Jeremie Miller developed the original Jabber server back in 1998. Now the project has reached critical mass. Notable is the wide number of different server and client formulations that support XMPP. Jabber.com sells a commercial license, along with a combination of General Public License-based licensed servers and other commercial versions. The project has supported the efforts of dozens of different client implementations. Last year, support reached a new milestone with Google Talk and the Gizmo Project using those protocols.

At the heart of XMPP are the XML document markup standards.
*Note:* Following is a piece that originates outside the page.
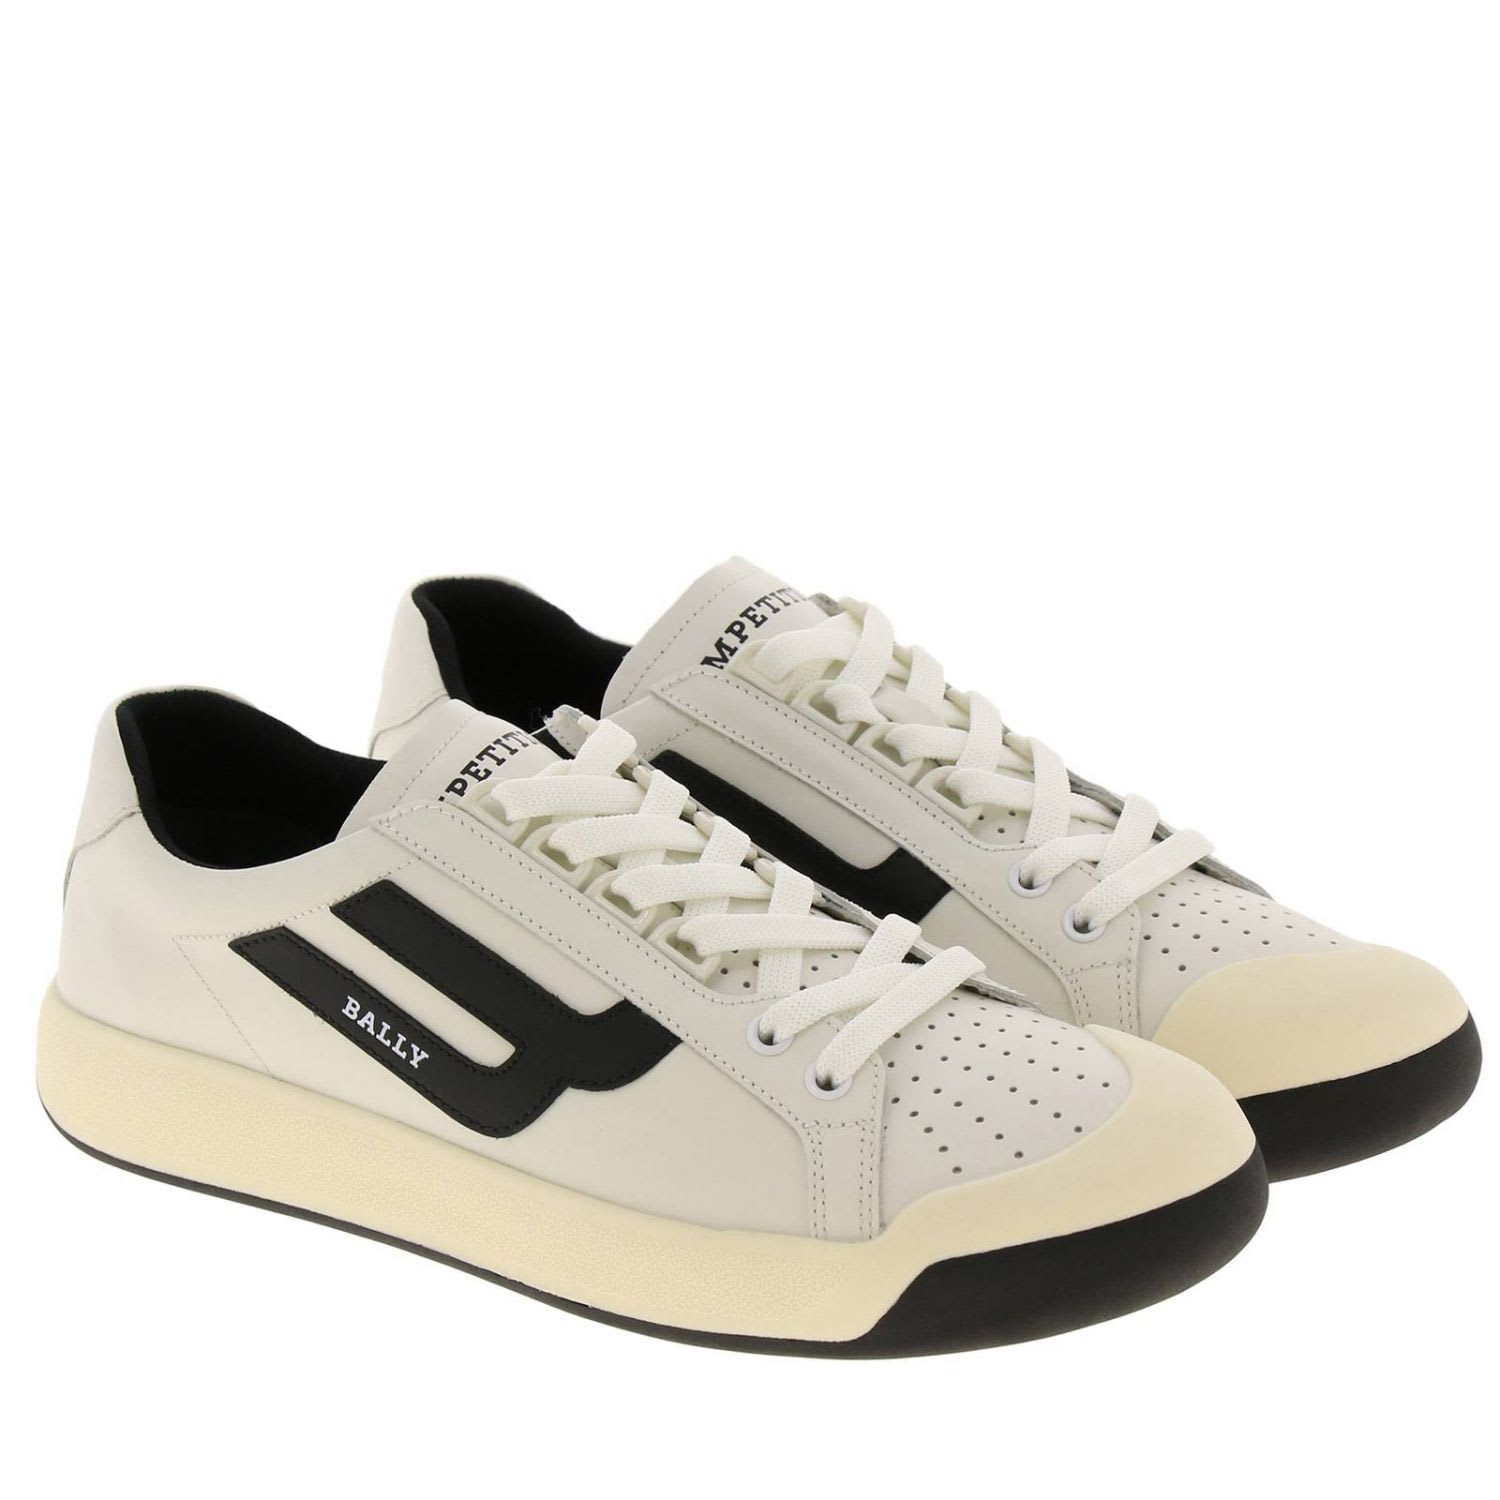 Bally Bally Sneakers New Competition Bally Sneakers In Leather With ...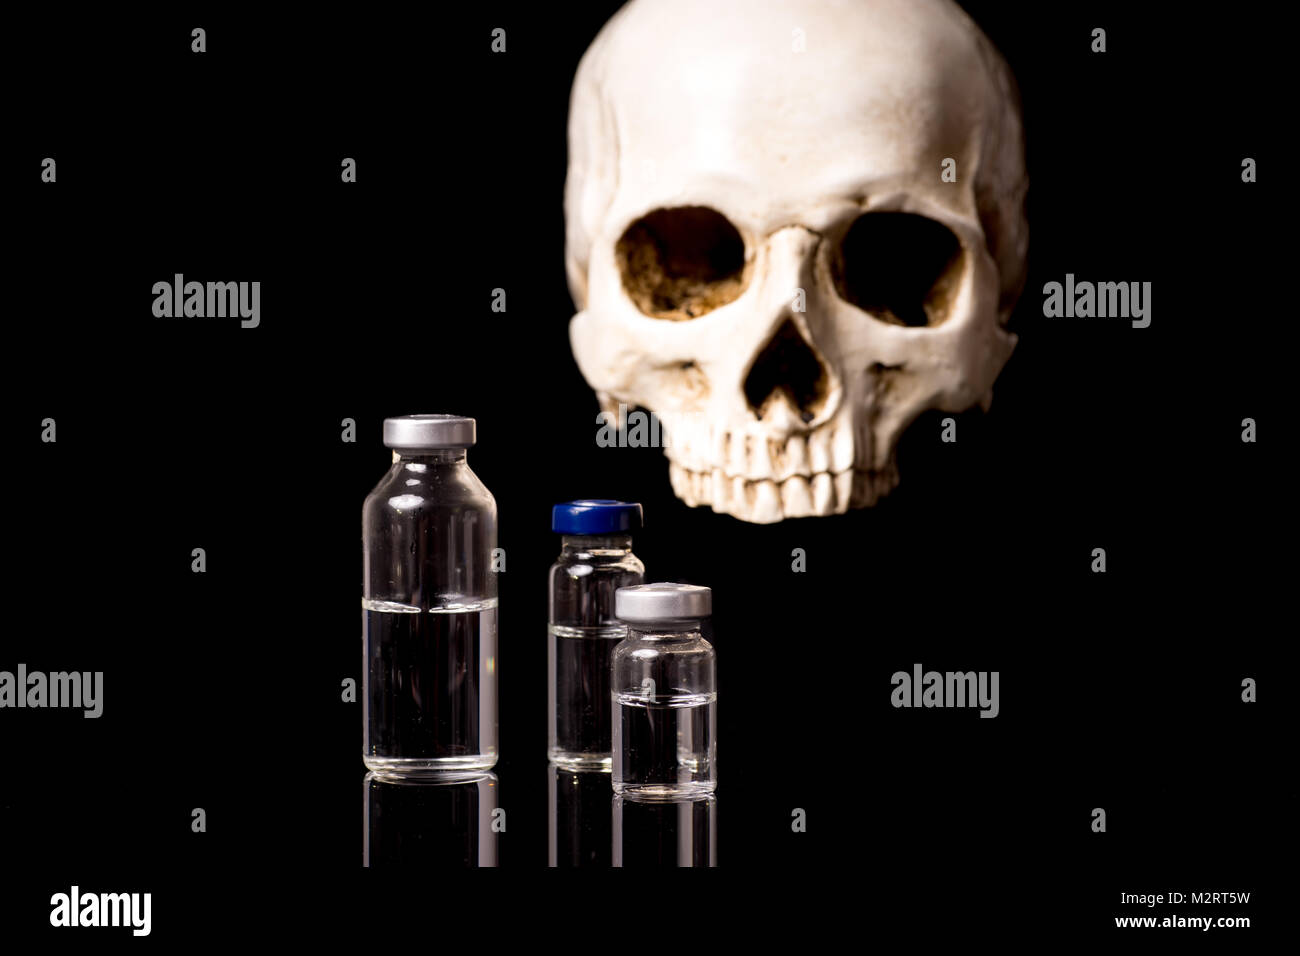 medical vials and blurry skull isolated on black background Stock Photo

Application developers can manipulate their documents as part of chat sessions, such as acting on a particular purchase order or invoice, and have chat sessions produce various kinds of structured documents. "This is the wave of the future, where we are going beyond just plain text chats and doing more structured information management," said Jabber's Saint-Andre.

Complementing the standards efforts is other work to extend basic IM functionality into new areas, including group chats and support for multiple IM identities, along with the ability to interoperate across various private and public networks. Among those with clients or working on clients are Jabber, Microsoft's Live Messenger, Lotus' Sametime, Reuters, Yahoo's Messenger, Apple's iChat AV, and AOL.